Huasna Valley lies east of Arroyo Grande, a half-hour down winding, oak-canopied Huasna Road, which is the only paved way in or out. The area has long been known to have oil, but for decades deposits have not been extracted.
Now that may change.
With the price of petroleum skyrocketing, dormant oil fields all over the state are being looked at anew and Huasna is among the latest sites to be eyed, whether the neighbors like it or not.
A fledgling oil exploration company, Excelaron, has applied for a series of permits with the county to explore three existing wells in the area, drill a new one, and perhaps resurrect the historic oil operations. Excelaron has an office in San Luis Obispo but has ties to a larger Australian company.
The site has seen at least three failed attempts at extracting sweet light crude since the late 1800s but it has been abandoned since the mid-1980s.

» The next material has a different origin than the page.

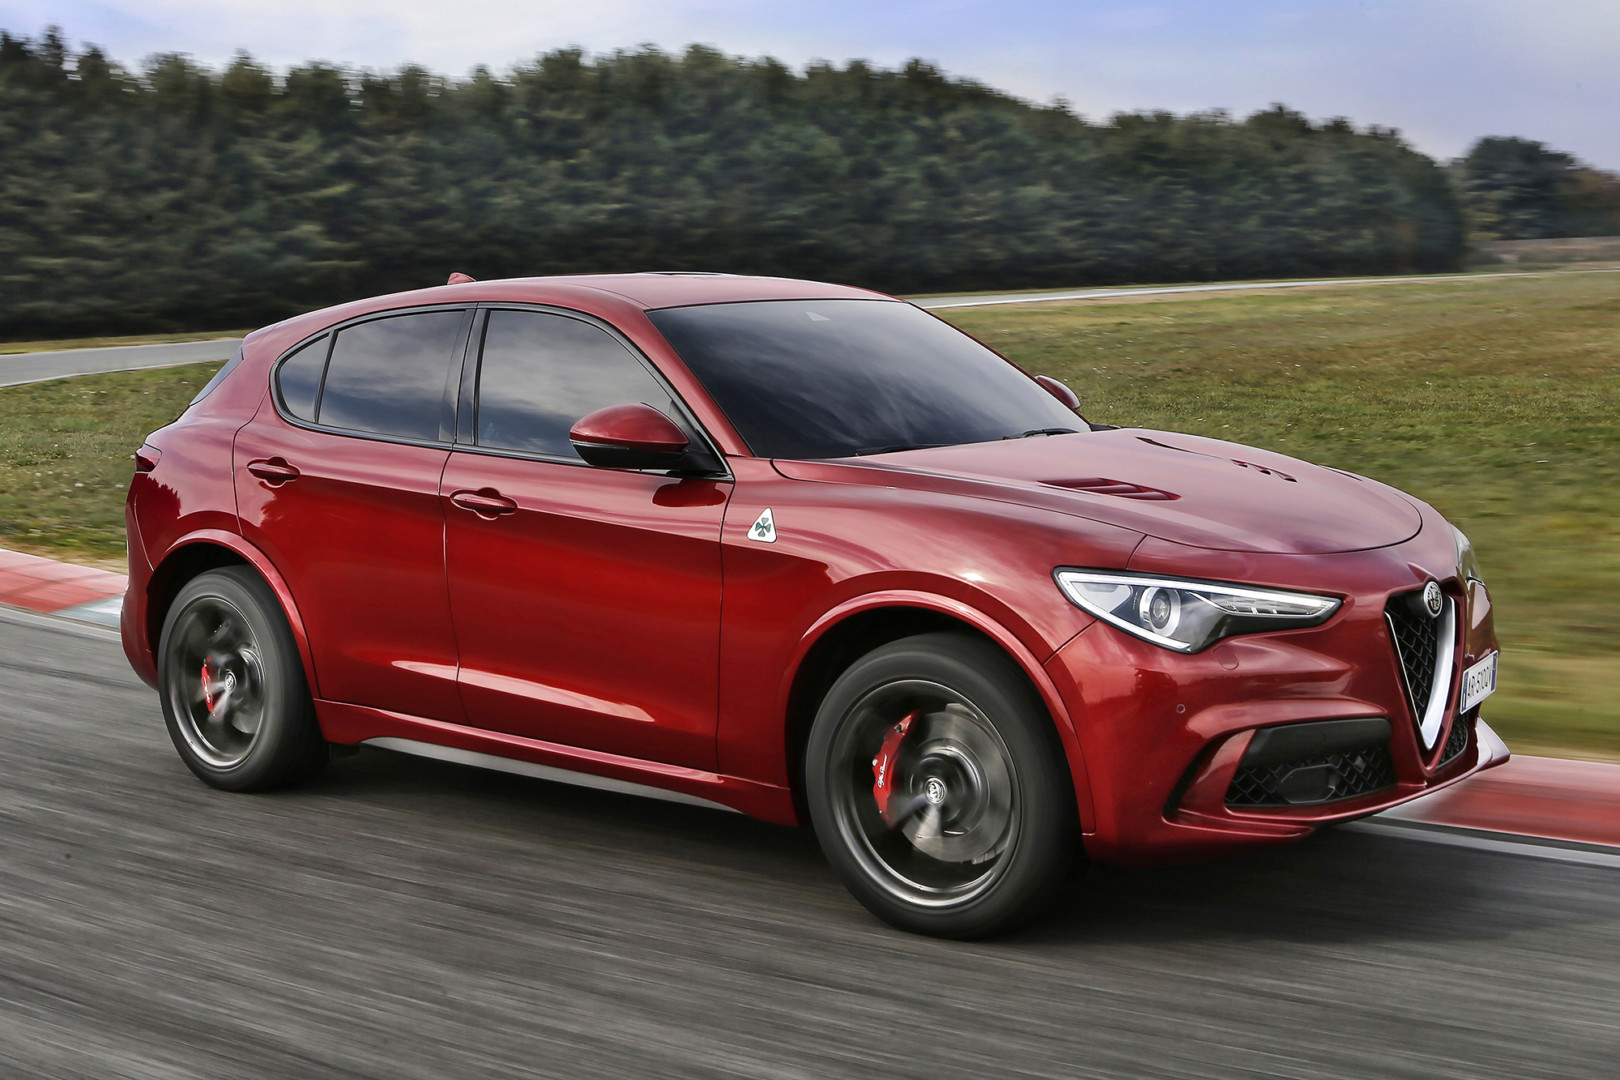 ¡Última hora! Alfa Romeo tiene preparada una sorpresa para Ginebra
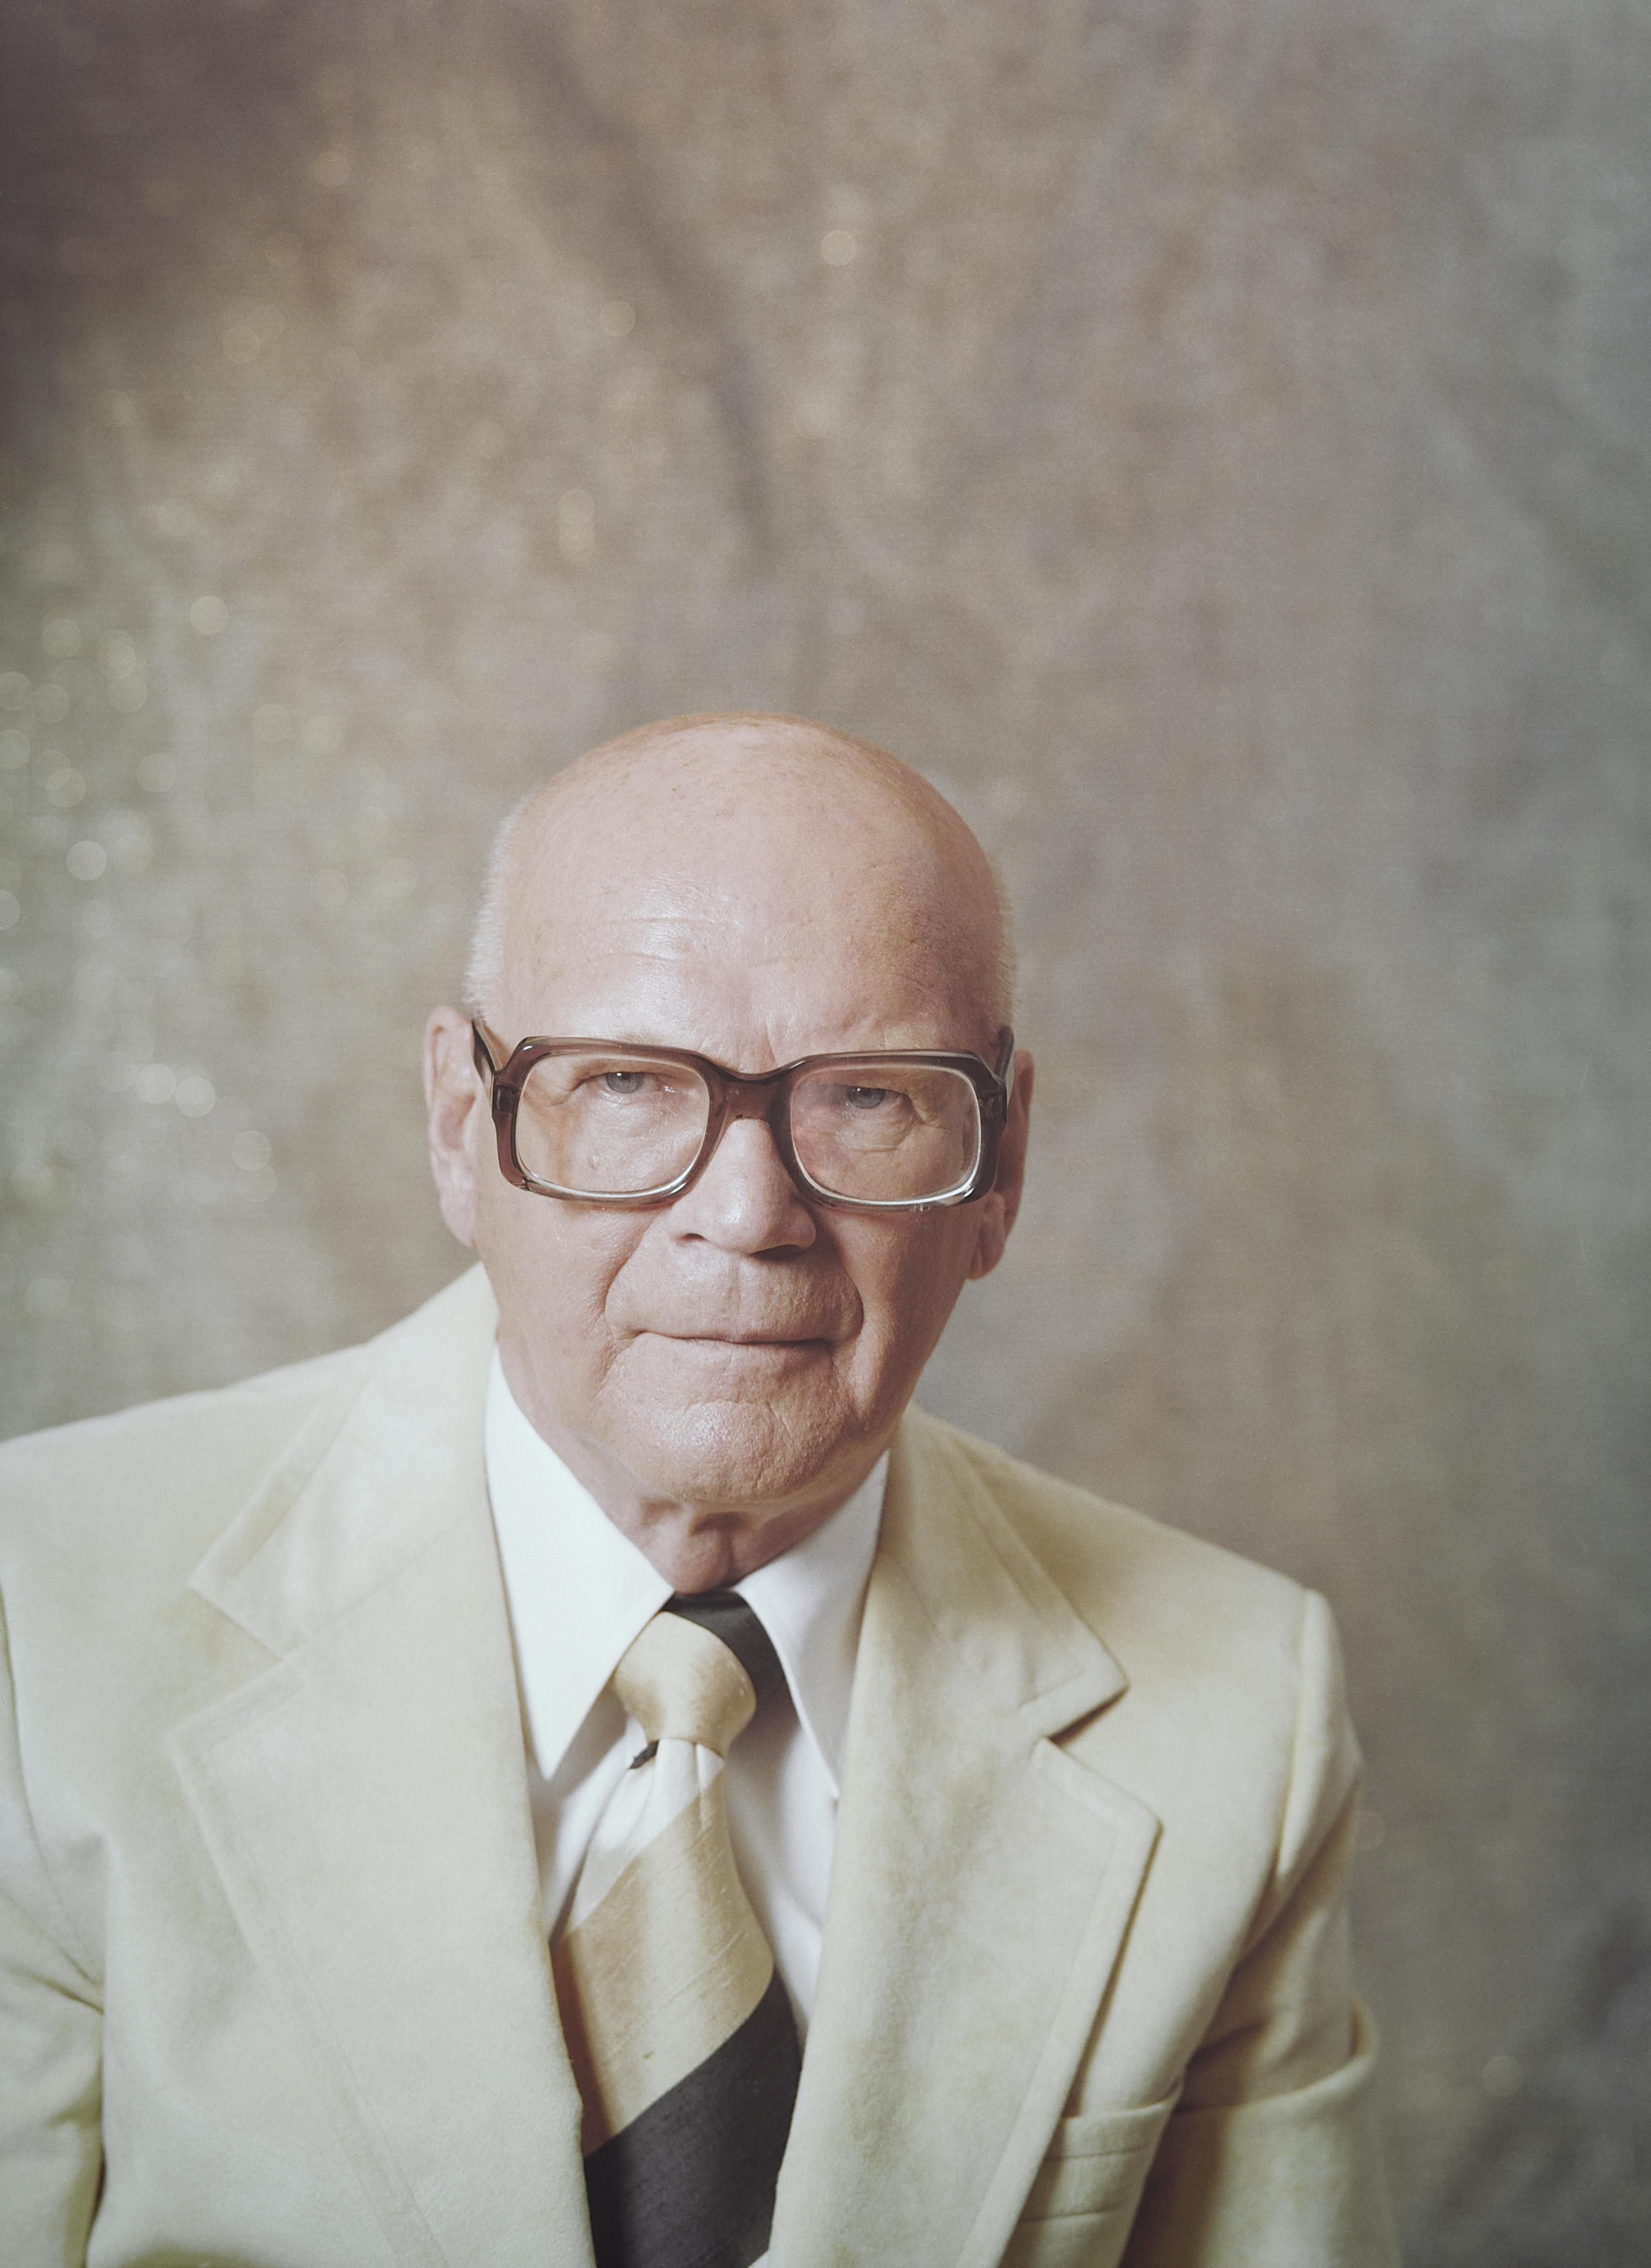 https://upload.wikimedia.org/wikipedia/commons/e/e0/Urho-Kekkonen-1977.jpg

Neighbors are concerned about the prospect of operations picking up again.
On May 21, Huasna community members filed into the multi-purpose room of Paulding Middle School to hear company representatives and a county planner talk about the latest project. They were told plans could include four producing wells, a shipping facility, and that the project could lead to an average of 12 daily trips by oil trucks on the rural road.
The proposed site is fairly isolated, so noise and lights are not expected to be an issue, but traffic is. During the construction phase, there will be up to 78 additional car trips, according to Excelaron’s traffic study.
“I’m concerned about a lot of things,” Anna Gabriel said. Gabriel’s home is near the proposed trucking site. “Number one,” she went on, “is the road. There is only one way in, and one way out of Huasna. And Huasna Townsite Road [the only paved connection between the proposed site and the main road] is a one-lane road. It’s narrow and windy and all the traffic is going to have go down it....”
“My biggest concern though,” Gabriel went on, “is that we know where it starts. Where does it end?”
A 1980 environmental impact report, completed the last time a company got the notion to drill out there, confirms her concern. It notes that the road is not wide enough for two large vehicles, such as a school bus and an agricultural vehicle, to cross at the same time. The report goes on to say that the risk of accidents will increase with more truck traffic, and there is no way to reduce the risk entirely.
It’s possible there will be no EIR this time around. Arroyo Grande city officials had threatened to demand one, but in a recent letter to county planners, said they believe their concerns can be addressed through a less rigid process called the “Mitigated Negative Declaration.”
A representative for Excelaron was not available for comment as of press time. According to their website, the tiny company keeps an office for its three employees in downtown SLO. A Sydney-based company with oil prospects in East Timor, Southern Australia, and Western Australia—none of which seems to be producing any oil—owns close to 50 percent of Excelaron. That outfit, the Australian Oil Company (AOC), shares a board member, Grant Jagelman, with Excelaron.
Jagelman was quoted in an Australian investment magazine saying the company was negotiating the mineral rights to 3,000 acres in Huasna. Based on mapping and historical data, he said, “Our consultants have advised that there is a potential for recoverable resources of up to 20 million barrels of oil.”
John McKenzie of SLO County Planning Department said the county’s consideration of the company’s application could take as little as six months if an EIR isn’t required.